# 1995 nissan 4x4 pickup burns oil



## tealonwheels4x4 (Apr 21, 2011)

137090 miles on the motor, i noticed its running rough and that it was dipping around 700 rpm in Neutral so i adjusted the idler to about 850 900 in neutral now and it calmed down a bit. but to no surprise continued to idle rough after a few hours, and so i changed the spark plugs and cables i noticed the spark plugs were pretty black i changed them out and once again a slight improvement but still vibrating and feeling a bit rough. so to my demise i noticed it was burning oil and drinking a bit of coolant. there was no evidence of coolant in my oil so that was a relief my oil wasnt foamy or of any weird composure no water in it either. i have not seen any oil leaks so i switched to full synthetic oil, still a bit rough, and the smell of burning rich and burning oil comes out of my exhaust and i can even smell it in the cab when the windows are down and im stopped. Anything else i can do any ideas? i am in love with this truck and am just a bit frustrated by this new problem other than the darned odometer sticks sometimees and reads the wrong speeds  guess its a common problem in these trucks. also i have noticed on one occasion on a cold morning my exhuast was emitting a small puff of white smoke but it went away after driving for a little bit. any help or suggestions?? thank you very much.:givebeer: :balls:


----------



## SPEEDO (Jun 9, 2003)

White smoke, cold morning.. its kinda like when you go out on a cold morning, you can see your breath, vehicles do the samething until they warm up.
When was the last time any maintenance was done? have you checked the pcv? 4cyl or V6?


----------



## tomit (Jul 2, 2004)

White smoke + cold engine = oil in exhaust; when catalytic converter heats up it burns the oil. Stuck oil control piston ring or worn valve seals or bad/stuck pcv?
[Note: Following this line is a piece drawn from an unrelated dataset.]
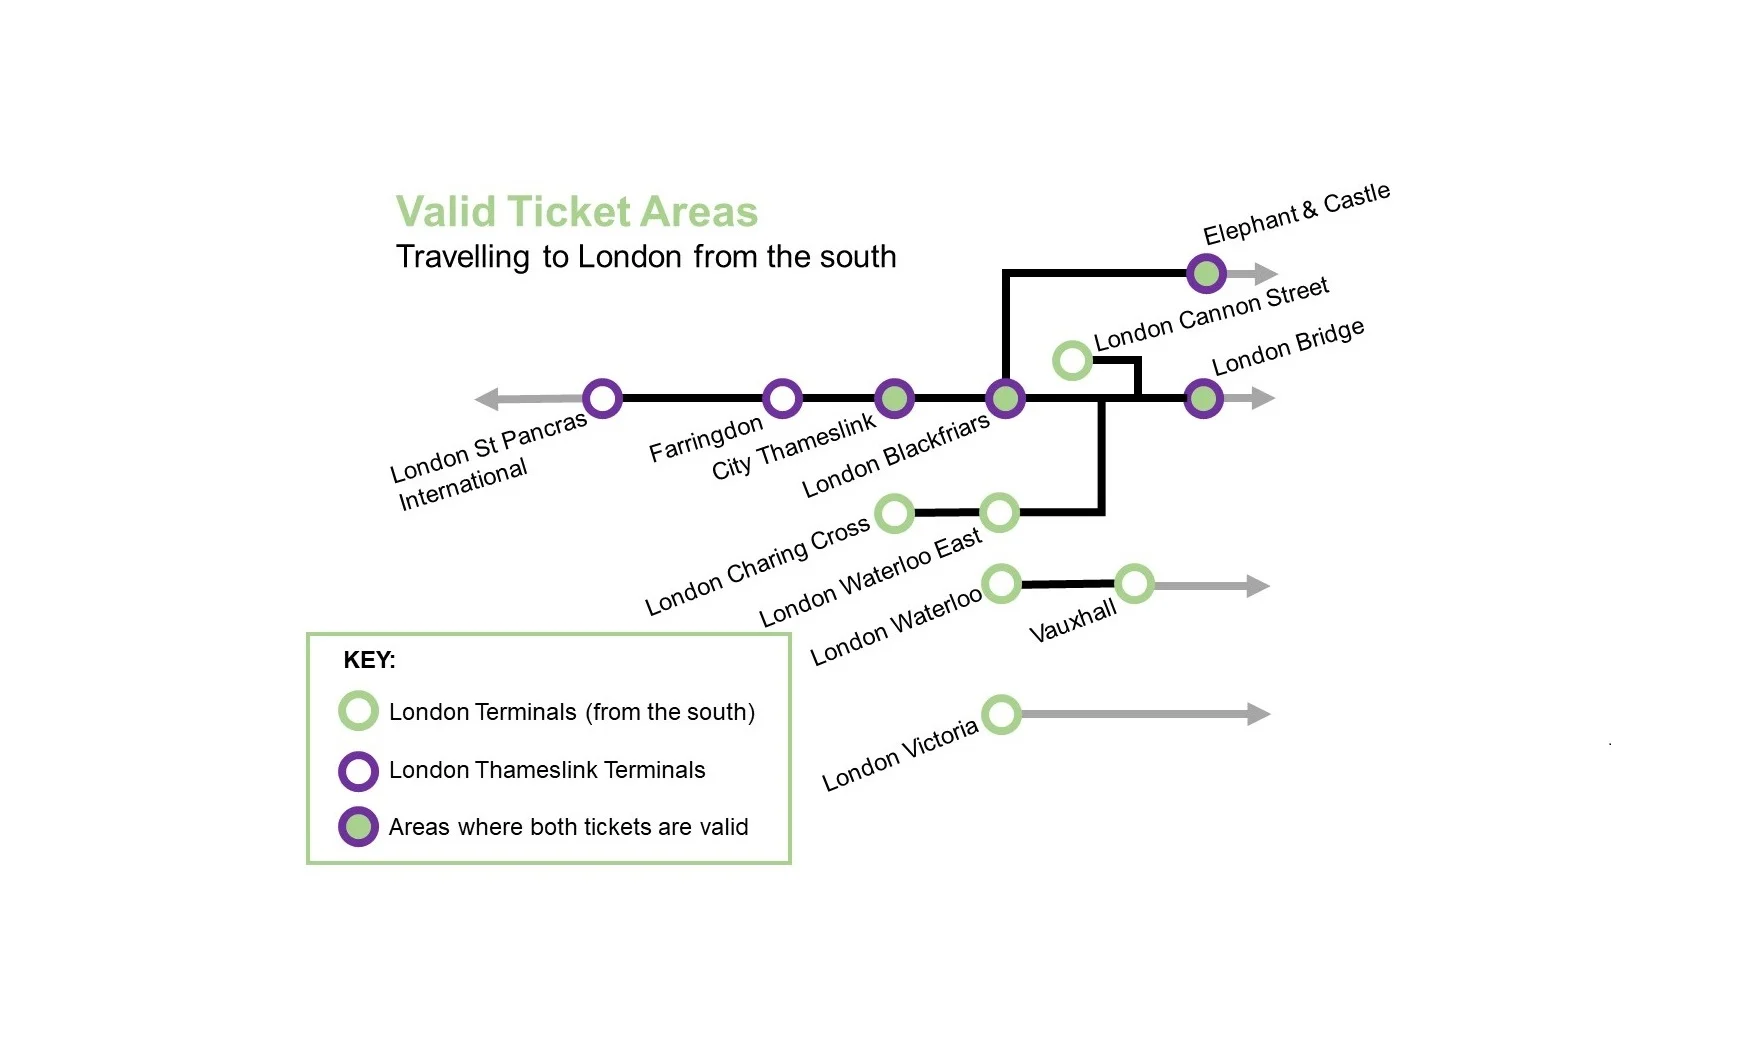 Diagram of stations that London Thameslink or London Terminals tickets are valid to from the south of London,

Radiator fluid disappearing - bad hoses or cracked radiator? 

The oil is killing your catalytic converter.

Auto-RX or seafoam might help.

Good luck.

Tom


----------



## tealonwheels4x4 (Apr 21, 2011)

Its a 4cyl 4x4 and the engine light has come on and i have neglected to check codes because i broke the sensor on the air filter i think its called the IAC sensor and noticed it came on right after that sensor cable was broken, once i get that new sensor i will have to check the codes if still is on and possibly change my pcv valve probably is something trivial like that, just havent really had a whole lot of time or money to pour into it. but i will pick up the seafoam on my way to work and use it when i put in some gas. ill keep it updated, so far havent seen anymore white smoke and the radiator seems to keep its water level now after i flushed it, 
:loser:


----------



## SPEEDO (Jun 9, 2003)

a new intake air temp sensor runs about $50 and pcv about $10 (oem parts online) might also check the little filter inside the air cleaner (for the pcv)


----------



## tealonwheels4x4 (Apr 21, 2011)

1995 nissan hardbody 4x4 4 cyl. well i bought the seafoam and i put it in the gas tank but it says i should put some in a vacum line and im not sure which one to put it in so i dont mess anything up can someone offer some help as to which line i should put the seafoam in
? thank you.


----------